By contrast, iterating through a UTF-8 string directly has no such problems, at the expense of slightly more CPU time for each iteration. Such iteration can take the form of:

    // Extremely hot codepath. Handling well-formed UTF-8 by macro --> ~4% speedup
    #define next(R) ((R[1]>>6!=2) ? (R+1) : (R[2]>>6!=2) ? (R+2) : \
                     (R[3]>>6!=2) ? (R+3) : (R[4]>>6!=2) ? (R+4) : next_func(R+4))

    static const unsigned char *next_func(const unsigned char *rex) {
        do { rex++; } while (*rex && rex[0]>>6 == 2); return rex;
    }

Are you talking about something else? Perhaps I have misunderstood something somewhere.
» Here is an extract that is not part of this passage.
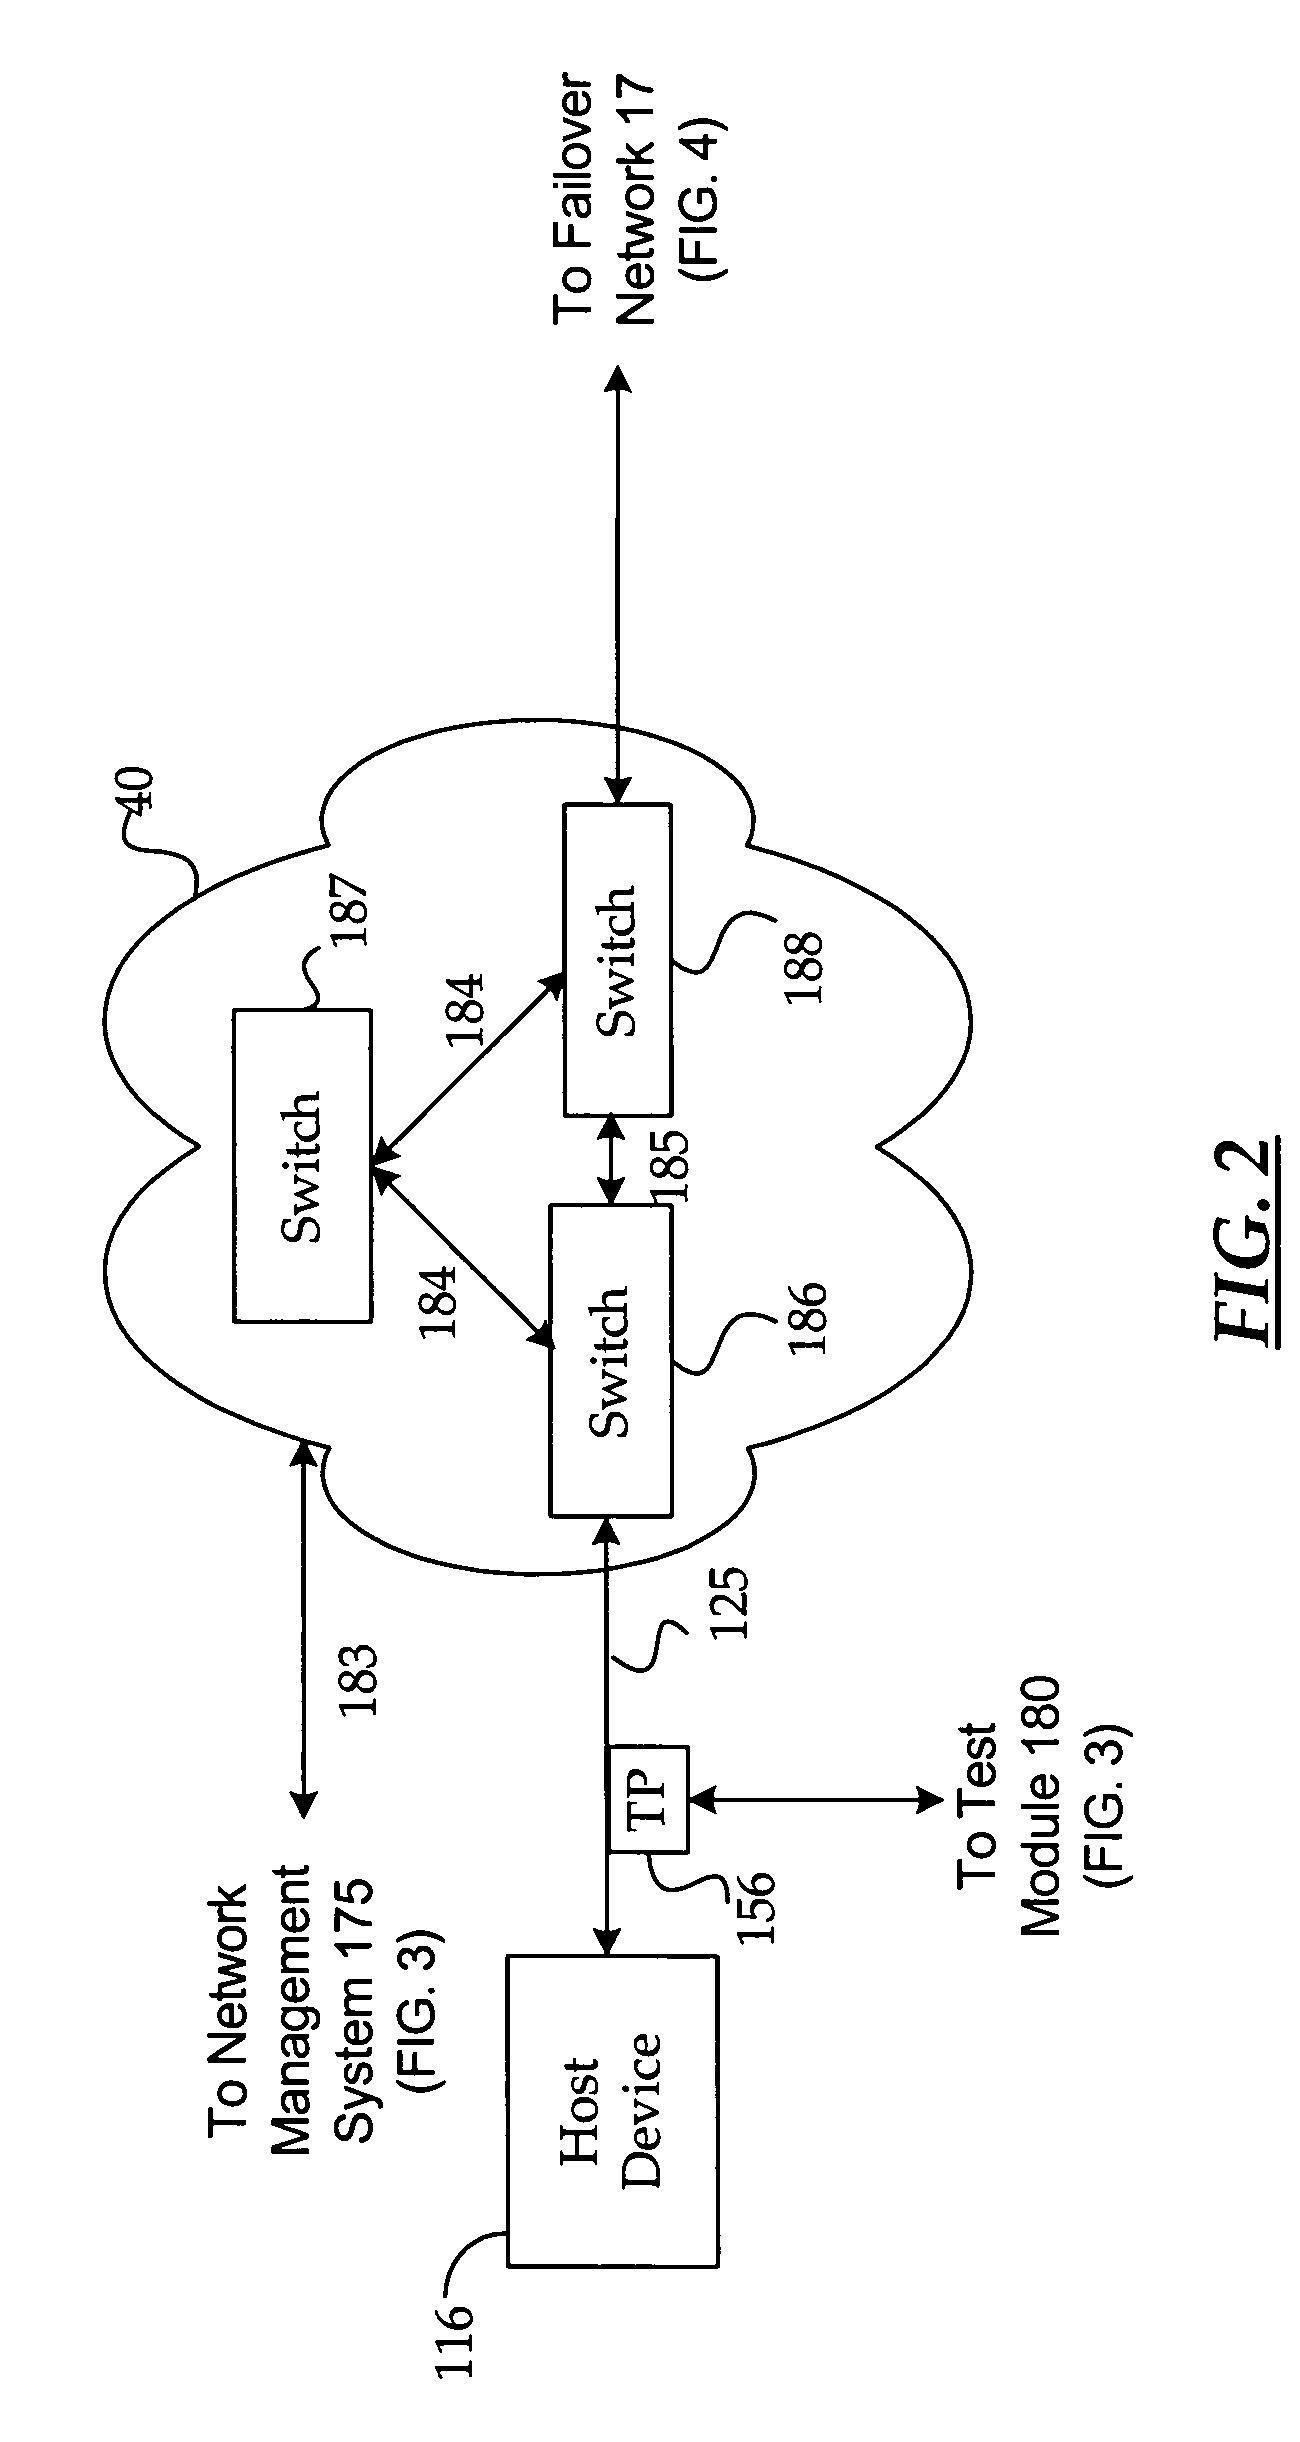 Method and system for on demand selective rerouting of logical circuit data in a data network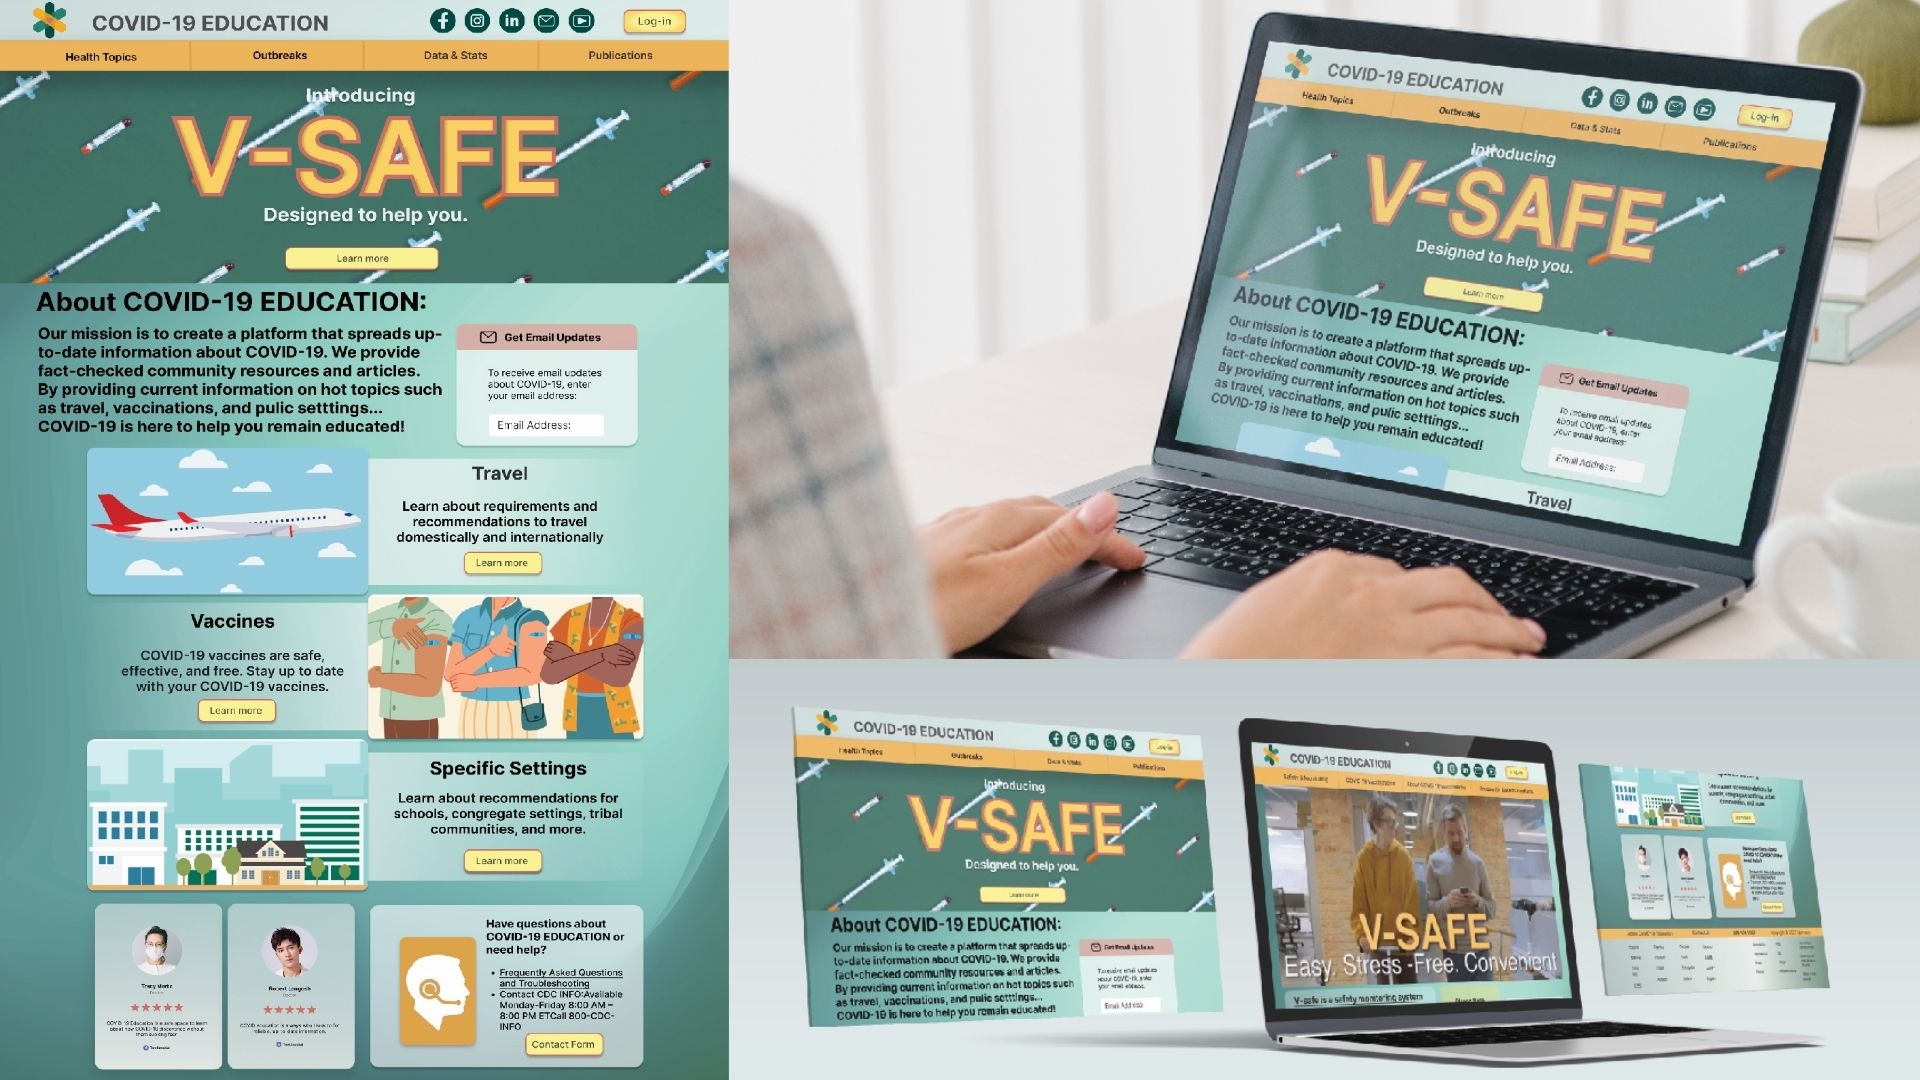 "Website Design, V-Safe" / "Website Design, V-Safe," website design, 1080x1920 px, 2022. This website is trendy, modern website for COVID-19 education.

dzaima · 2024-05-06T23:32:29 1715038349

Instead of expanding all data to UTF-32 you can expand in chunks of some fixed amount, say, 1024 characters; so memory usage is capped, the UTF-8 unpacking can be unrolled/SIMD whatever, and the thing iterating over codepoints is trivially branchless (can even be its own SIMD). Annoying downside being potentially some wasted computation if the iteration is early-exited, but even then you could have something like doubling chunk size on each chunk, starting with 8 chars or something.

pbsd · 2024-05-05T21:00:40 1714942840

The overlong lookup can also be written without a memory lookup as

    0x10000U >> ((0x1531U >> (i*5)) & 31);

On most current x86 chips this has a latency of 3 cycles -- LEA+SHR+SHR -- which is better than an L1 cache hit almost everywhere.

teo_zero · 2024-05-06T14:12:16 1715004736

You can do it with one shift:

  0x10880 & (24 << (i*4))

pbsd · 2024-05-06T14:33:37 1715006017

Brilliant. Can be further simplified to 0x10880 & (0x2240 << i).

hairtuq · 2024-05-06T18:17:53 1715019473

Similarly, the eexpect table can be done in 3 instructions with with t = 0x3c783023f + i; return ((t >> (t & 63)) & 0xf0808088.

moonchild · 2024-05-05T21:11:53 1714943513

checking for an overlong input is off the critical path, so latency is irrelevant. (tfa doesn't appear to use a branch—it should use a branch)

clausecker · 2024-05-06T10:42:13 1714992133

This looks very similar to the approach we recently used to transcode UTF-8 into UTF-16 using AVX-512: https://arxiv.org/pdf/2212.05098

It's part of simdutf.

masfuerte · 2024-05-06T15:59:32 1715011172

The code is careful not to read past the end of the buffer, but it doesn't explicitly check that there are enough bytes available for the current multibyte character. However, this "end of buffer in middle of character" error is caught later by the check for valid continuation bytes. I thought that was quite neat.